A exclusão da Europa das “negociações” impostas na Arábia Saudita serve um propósito: isolar a Ucrânia e fazê-la submeter-se às condições da paz determinadas por Putin e Trump, árbitros dos superiores interesses russos e americanos e ainda fazer “pagar” o apoio recebido nos anos Biden, facultando a empresas americanas o acesso aos recursos naturais da Ucrânia dilacerada, na parte que Putin não conseguiu abocanhar.
A Europa foi surpreendida pelo regresso à anarquia na ordem internacional, inaugurada por Putin e agora apadrinhada pelos Estados Unidos. Na ordem nova conta a força e a afirmação despudorada do interesse próprio, a correlação de forças é tudo, o direito nada.
Com umas forças armadas hiperdimensionadas e com uma economia subordinada ao esforço de guerra, a Rússia será grande beneficiária de qualquer trégua precária, que lhe dê o tempo de que precisa para acabar de vez com a Ucrânia, enquanto o Ocidente, cínico ou impotente, aguarda o regresso das “forças de paz” exclusivamente compostas por soldados europeus, provavelmente em caixas de pinho.
Quem só tem um martelo não pode senão pregar pregos e a Rússia é um martelo, um exército com um país acoplado, empobrecido, mas armado, que caminha para as consequências económicas da guerra ucraniana, que serão pesadas. A paz não serve a Putin que, com Lavrov, extrairá de Trump e dos outros cómicos o que bem lhe aprouver. A Europa, que pensa a 50 anos de distância, está a experimentar o diktat americano como em 1945, e sabe que, a prazo, o diktat será russo-americano, se não for exclusivamente russo, numa reorganização global das esferas de influência com a qual a América troque a Europa pela cumplicidade da Rússia noutras geografias.

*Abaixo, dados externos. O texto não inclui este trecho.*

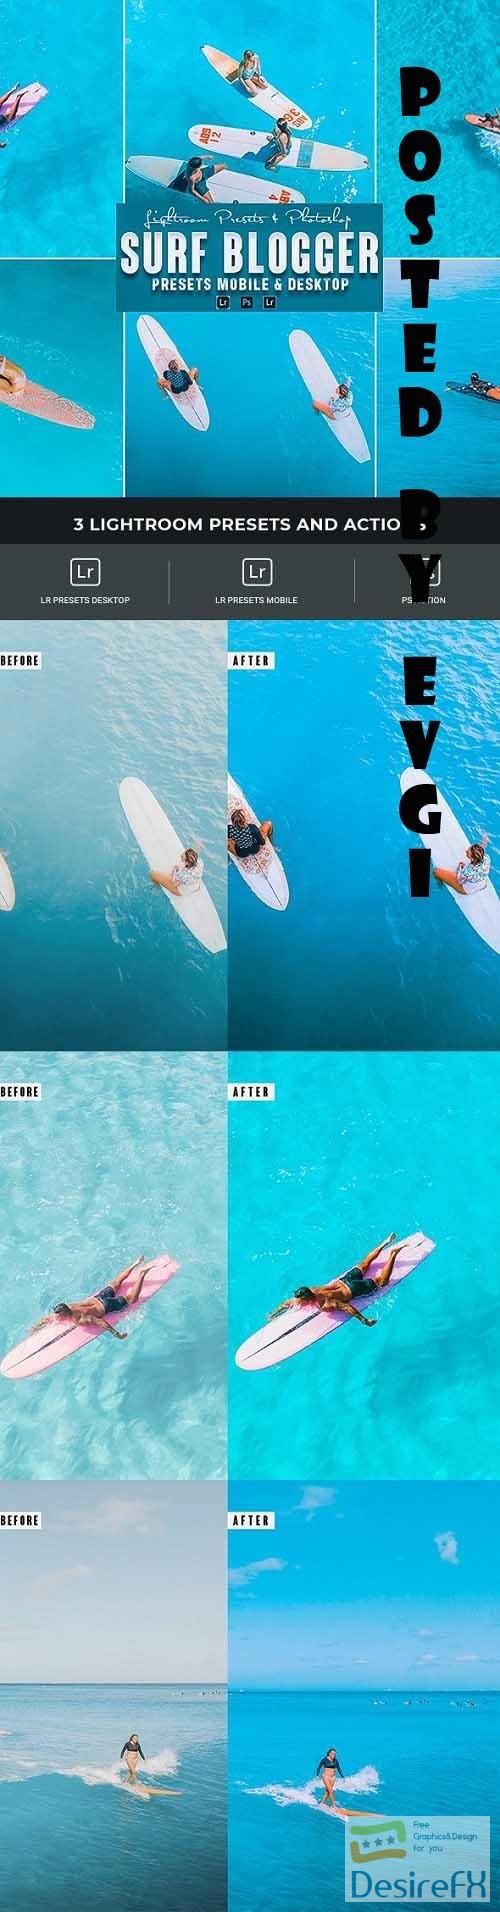 Surf Photoshop Action &amp; Lightrom Presets - 34742132

A II Guerra Mundial foi vencida pela União Soviética, uma ditadura brutal, e pelos Estados Unidos, o arsenal da democracia. A ideia de que as democracias são pacíficas mas invencíveis é um puro mito. O eixo foi derrotado pela capacidade industrial americana e pela inesgotável capacidade de sacrifício do povo russo. A Inglaterra resistiu, graças a Churchill e ao canal da Mancha. Oitenta anos volvidos, a Europa, com o seu poderio económico equivalente a dez Rússias, sem o arsenal americano, vê-se devolvida à mundivisão anterior a Pearl Harbor, mais desarmada que nunca. Até ver, não conta para nada, como se de um protetorado se tratasse.
A Polónia, que vê a tragédia checoslovaca da crise dos sudetas a repetir-se no Donbas, sabe que as fronteiras são ficções sustentadas pela dissuasão, prontas a serem mercadejadas, em nome das minorias de conveniência, sejam elas germanófilas ou russófilas. A Polónia também conhece a ordem dos pratos no banquete das grandes potências. Habituada a não poder contar senão consigo própria, vai armar-se até aos dentes. A Alemanha fará igual, repetindo 1948, quando a necessidade ditou a sua entrada apressada no clube das democracias vencedoras.

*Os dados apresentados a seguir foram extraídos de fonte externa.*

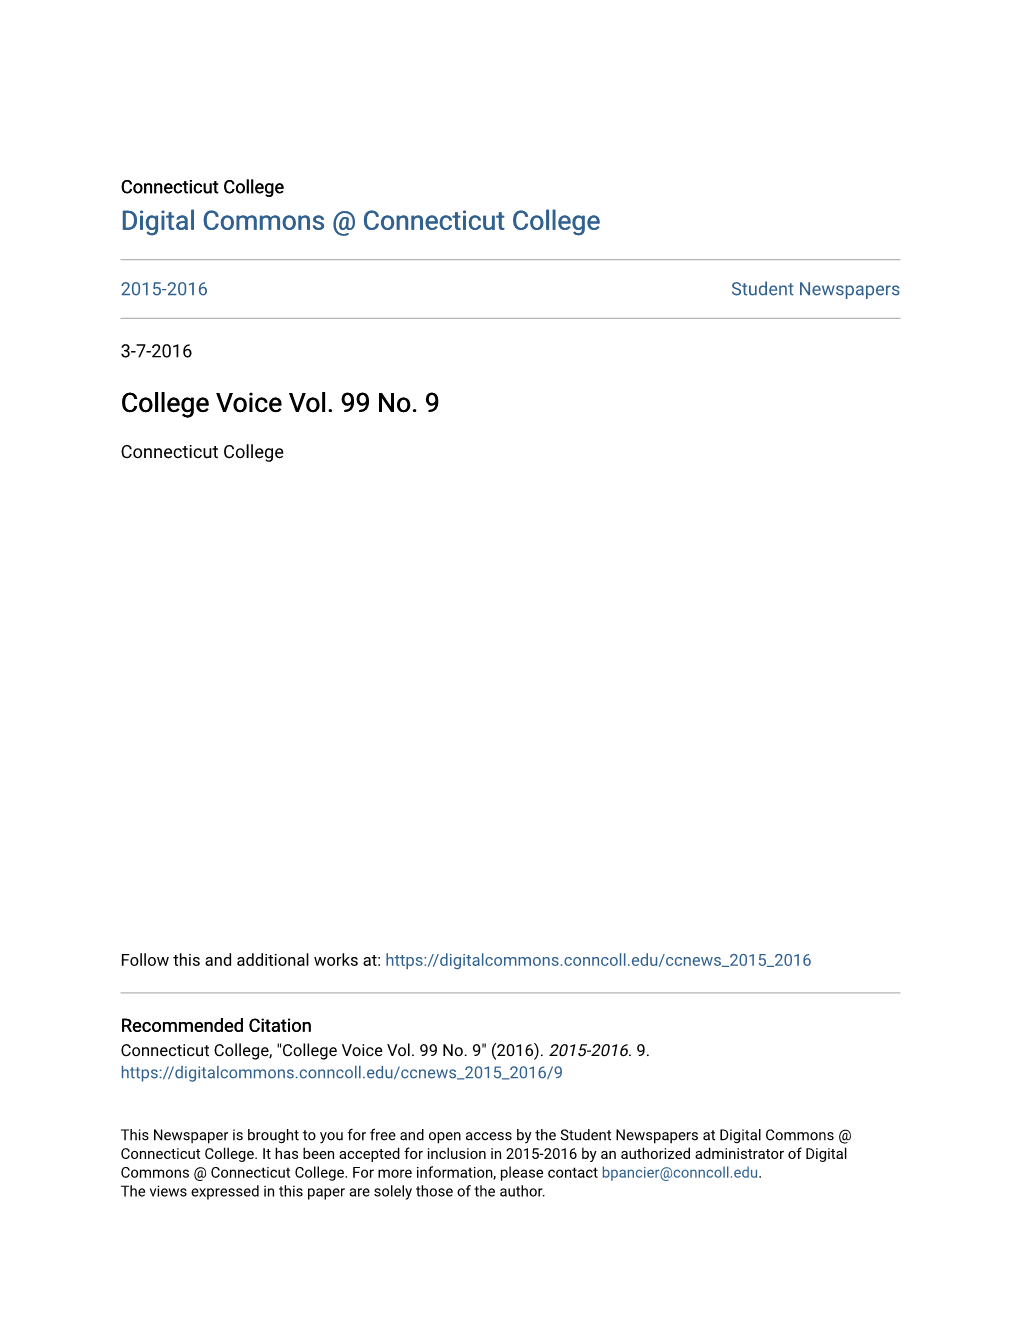 College Voice Vol. 99 No. 9

O secretário da Defesa Hegseth comparou o art. 5º do tratado NATO ao seu artigo 3º, ou seja, equiparou os deveres de financiamento das forças armadas ao princípio de que um ataque a um membro constitui um ataque à aliança, baralhando propositadamente meios e fins. Postas assim as coisas, a NATO deixou de ser a garantia americana à Europa.
Na Europa central dorme-se mal porque o passado foi ontem e nem sequer passou. Por cá, como é próprio dos aposentados do palco da História, dormimos como justos.»